Born in Moscow into a petty noble family and educated at the university there, Shpilevskii’s first posting sent him to Kazan in 1860. He blossomed into a champion of the historical archeology of the region, organized the KOAIE, and proved instrumental in getting the 4th Archeological Congress there. His magnum opus, “Ancient Cities and Other Bulgaro-Tatar Monuments in the Province of Kazan” won numerous academic honors. In 1885, he was transferred to the Demidov legal lyceum in Iaroslavl, where he formed other academic societies and worked on the provincial statistical committee.

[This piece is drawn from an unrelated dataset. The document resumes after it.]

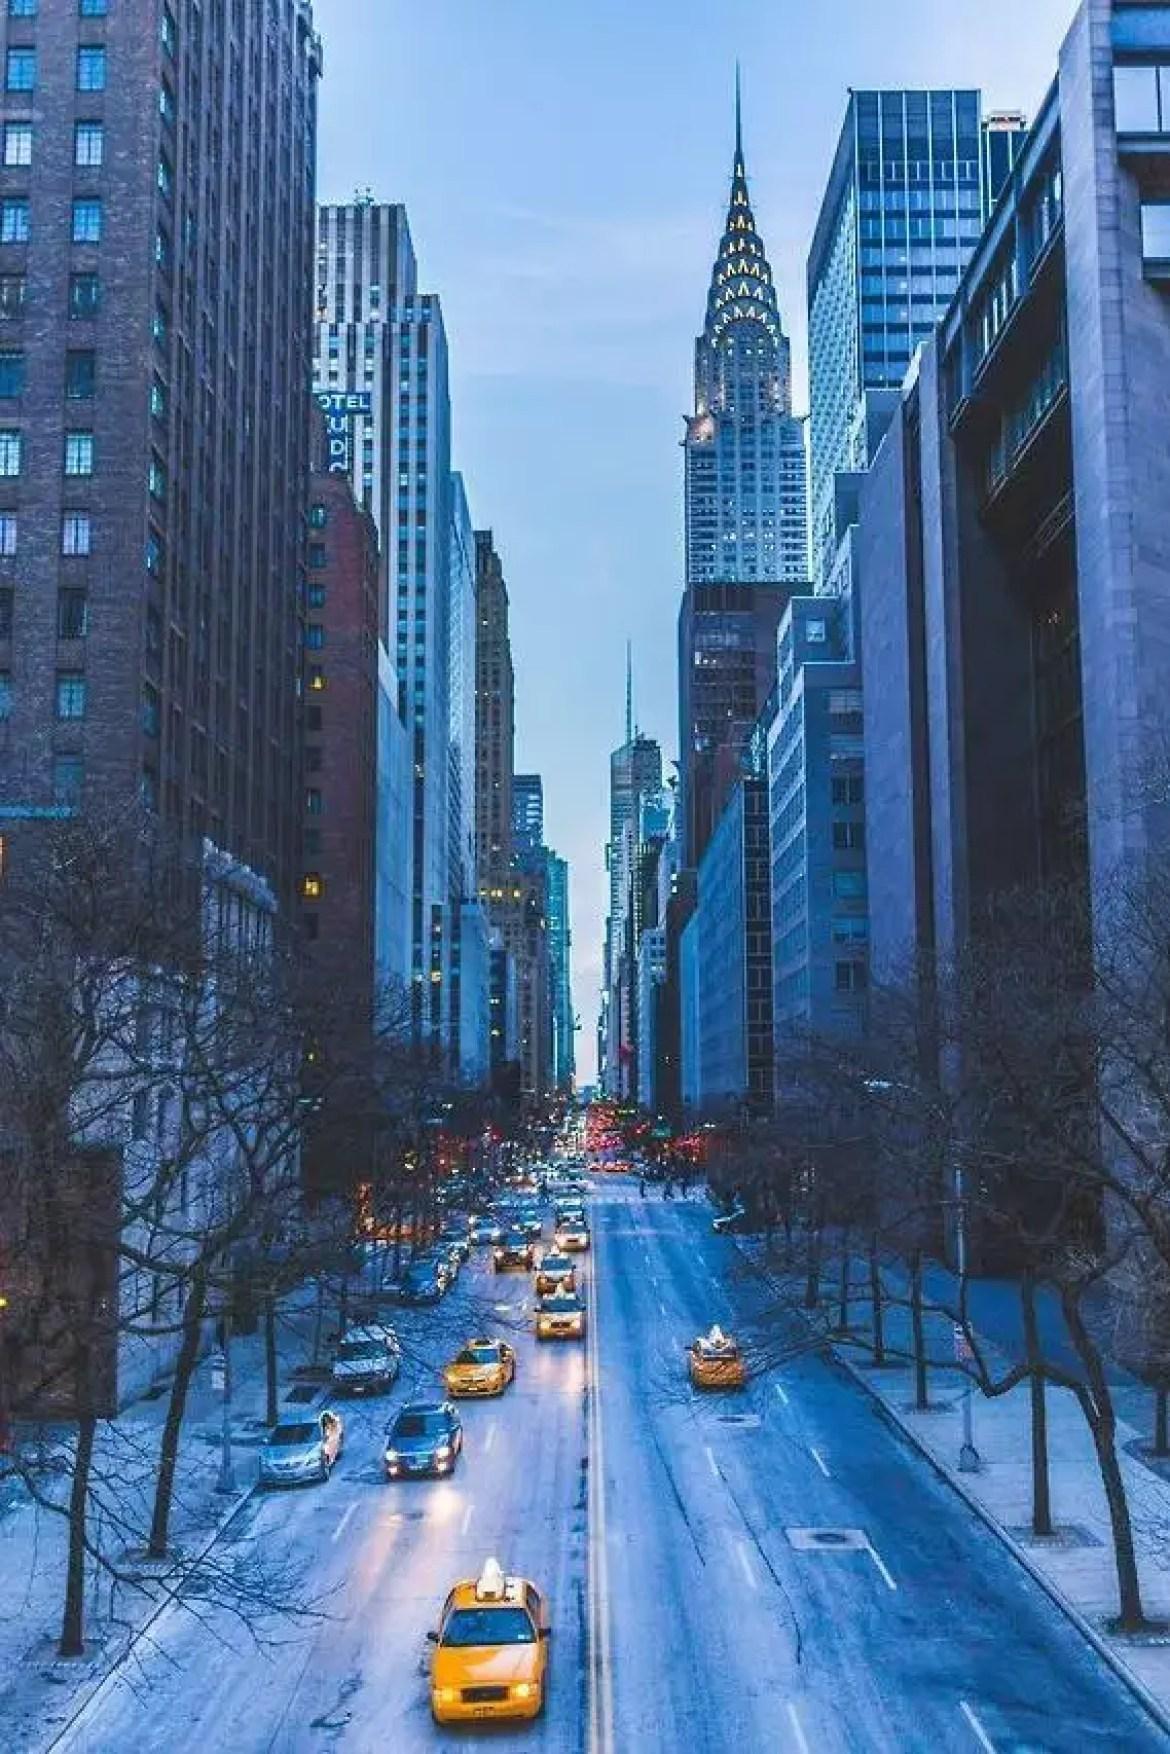 internship in a new city
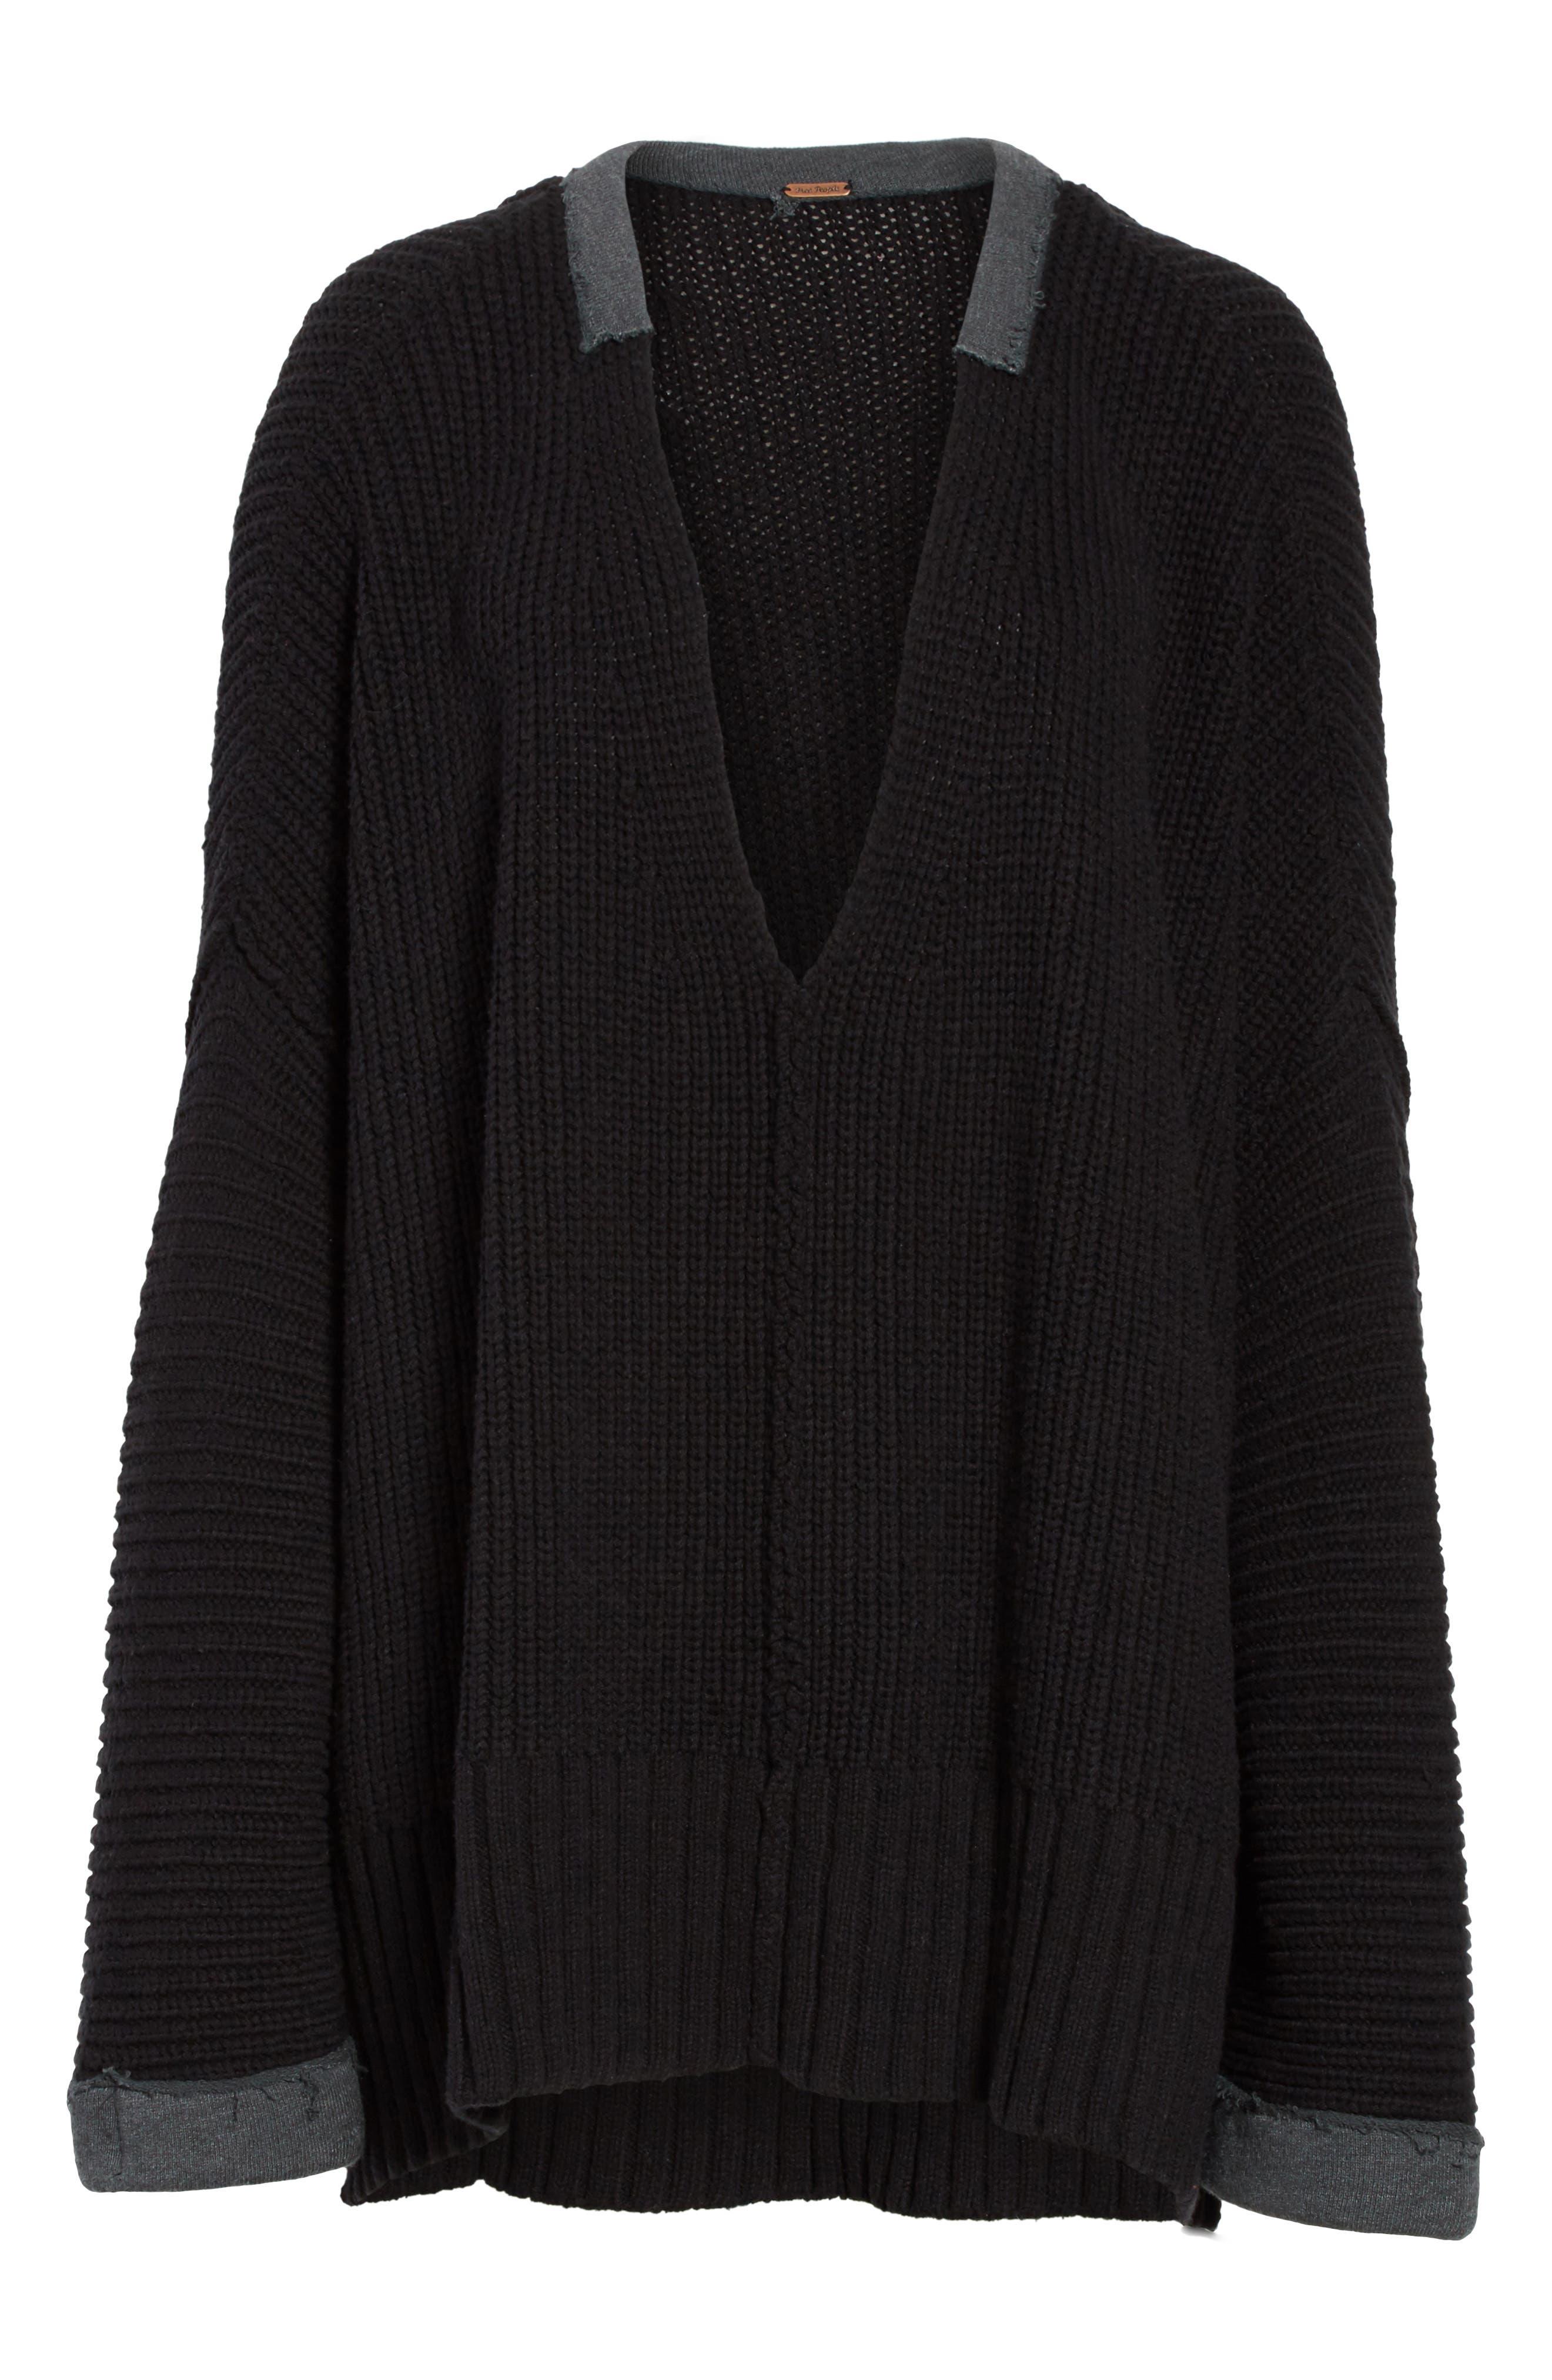 Take Over Me V-Neck Sweater,                             Alternate thumbnail 6, color,                             001

Institution: Kazan_University
Born and educated in Germany, Vasilii (b. Friedrich) Radlov came to St. Petersburg in 1858 to study at the Asian Museum. In Russia, he had many opportunities to study Turkic languages, and he moved to the Altai region where he pioneered in Turkology. His work also took him to the Steppes and to Central Asia; a linguist in an era when that was considered a branch of archeology, he also excavated in these area. In 1872 he was appointed to curate the Kazan educational district, where he remained until 1884. Upon his return to Petersburg, he was appointed director of the Asian Museum in 1890, which he invigorated and made into a major international museum. He studied the language of the Crimean Tatars and the Karaites who had emigrated to the NW Region, thereby covering almost all of the Russian empire.
The son of a village priest in Novgorod Province, Modestov trained initially at the Petersburg Pedagogical Institute to become a teacher. Instead, he became one of the leading figures in the history of Rome, beginning with the Neolithic Age in Italy. After retiring from New Russia University, he moved to Rome. Perhaps surprisingly for a leading classicist scholar, he opposed the reforms of Minister of Education Dmitrii Tolstoi, who in the 1870s returned the university curriculum to emphasize the ancient languages over history or philosophy. He also translated Tacitus into Russian.
Iznoskov remained in his native Kazan where he taught at secondary schools and took active part in the society. He compiled the archeological map of Kazan, a major undertaking. Not surprisingly, he was a member of the Kazan Statistical Committee.
Though from Muscovite pedigree, nephew of the influential scholar K. D. Kavelin, Korsakov studied at the University of Kazan, where he remained throughout his career. His wife, interestingly, had divorced the archimandrite who would serve the Orthodox flock in Rome.
Grigorevich was an important collector of early Christian manuscripts, collecting them in the Balkans in the 1840s.
A founding member of the IMAO, Eshevskii personified the dilettante who developed a keen interest from studying with the many infleuntial historians at Moscow University, and then traveling abroad to Western Europe; he focused on this rather than any Russian areas. He had no archeological speciality, but edited many publications for the IMAO. One of his more interesting papers was on the Bronze-Age pile dwellings in Switzerland.
Evlentev came from a modest family in the provinces and spent most of his life as a school teacher in provincial cities, where he developed a keen interest in archeology. In 1872 he was named the secretary of the Pskov section of the Archeological Commission. Grand Princes Sergei and Pavel Alexandrovich subsidized his excavations in Pskov, where he served on the Statistical Commission and with the local district archives.
Arkhangelskii, the son of a provincial priest, rose to become a distinguished professor in Slavic religious literature at Kazan University, and retired to the Chancellory of Her Royal Highness the Tsaritsa Maria.
Artemev is difficult to classify because he spent many years working on Kazan’s history. He was a great bibliographer and statistician, and Nikolai Miliutin made him a member of the the Emancipation Commission. Wounded during a near ship wreck when in 1868 he was touring the Caucasus, Athens, and the Mediterranean with Grand Prince Alexei Alexandrovich, he died from it six years later.